Среди присутствующих мы заметили небезызвестные имена, близкие и дальние соседи:
Брёх, Курбат, Малявка, Враль, Цапка, Копыл, Мыкун, Мамза, Ушак, Ворыга, Кропот, Неклюд, Курюход, Коверя, Шаровка, Хухра, Харя, Рохля, Чулок, Клокуша, Глазун, Чупа, Молчан, Ревяка, Лазута, Тюря, Гневаш, Тутыка, Попко, Торх, Руккуля, Кухмыр, Докуня, Карзина, Ликур, Кувака, Таралыка, Дыляй.
Носы до переносья на Мелюзину.
Мелюзина — красная яблонь, в ее синей дрёме робкое счастье.
Раймонд — что в нем осталось от яблоневого сада? разряжен — приплюснутый грецкий орех со вздернутым носом. Когда это счастье бывало умным? — но его улыбка была прямо дурацкой: он принимал изъявления бескорыстной человеческой подлости почтенных, в оправе, льстивых прозвищ, людоедов.

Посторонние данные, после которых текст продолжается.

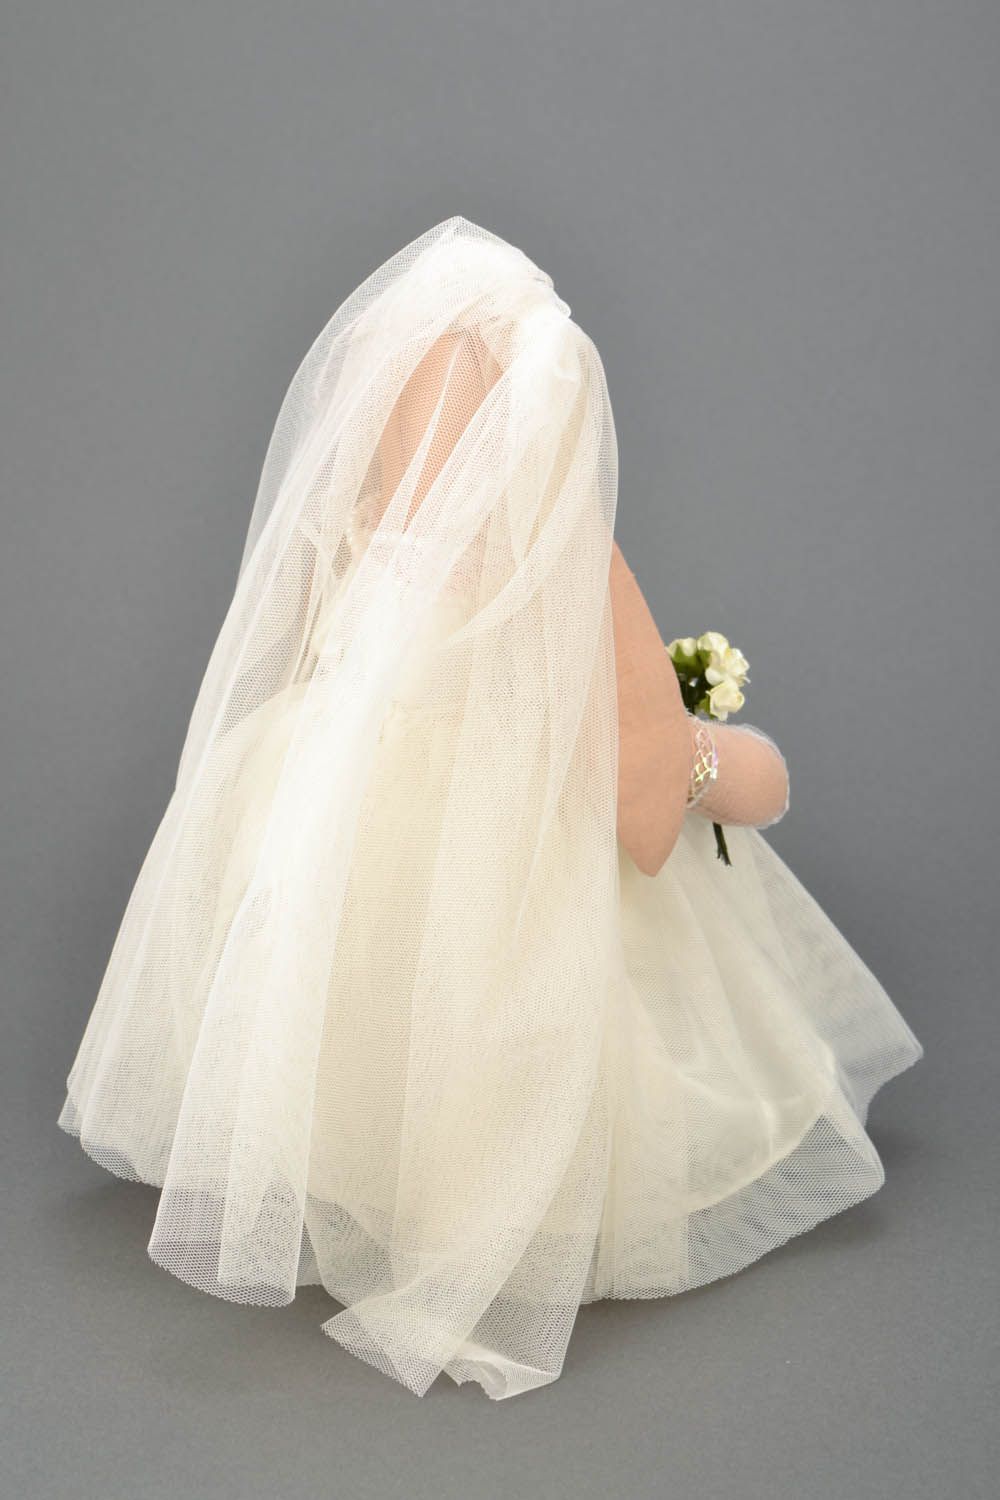 Интерьерная игрушка текстильная Зайкина невеста фото 2

Из оголошенной пряными хорами церкви, после венца обезьяньим гуськом перешли гости по циррозовым коврам во дворец.
Голова кружилась, трудно вообразить себе такое богатство — оно лезло из щелей, из-под пола, валилось с потолка, висло из стен и торчало из окон — свое и привозное.
Залы сверкали от драгоценностей.
И вот чего никто не мог вспомнить, какая в тот день была погода и освещение — наверно сказать, что никаких свечей и электрических лампочек, а что-то вроде электричества со вспышкой, я скажу, демонские светящиеся перемиги; а дышалось лесом, пускай по святцам в ту пору ходил Кузьма- Демьян с гвоздем, ковал реки.
Сытые ели по-волчьи. Все было так хитро и замысловато: не то вилкой тычь, не то развлекайся пальцем. Вина душистые кипрские, известно, на Кипре и пустая ягода ананас, завезли крестоносцы. Медовой волной лилось вино.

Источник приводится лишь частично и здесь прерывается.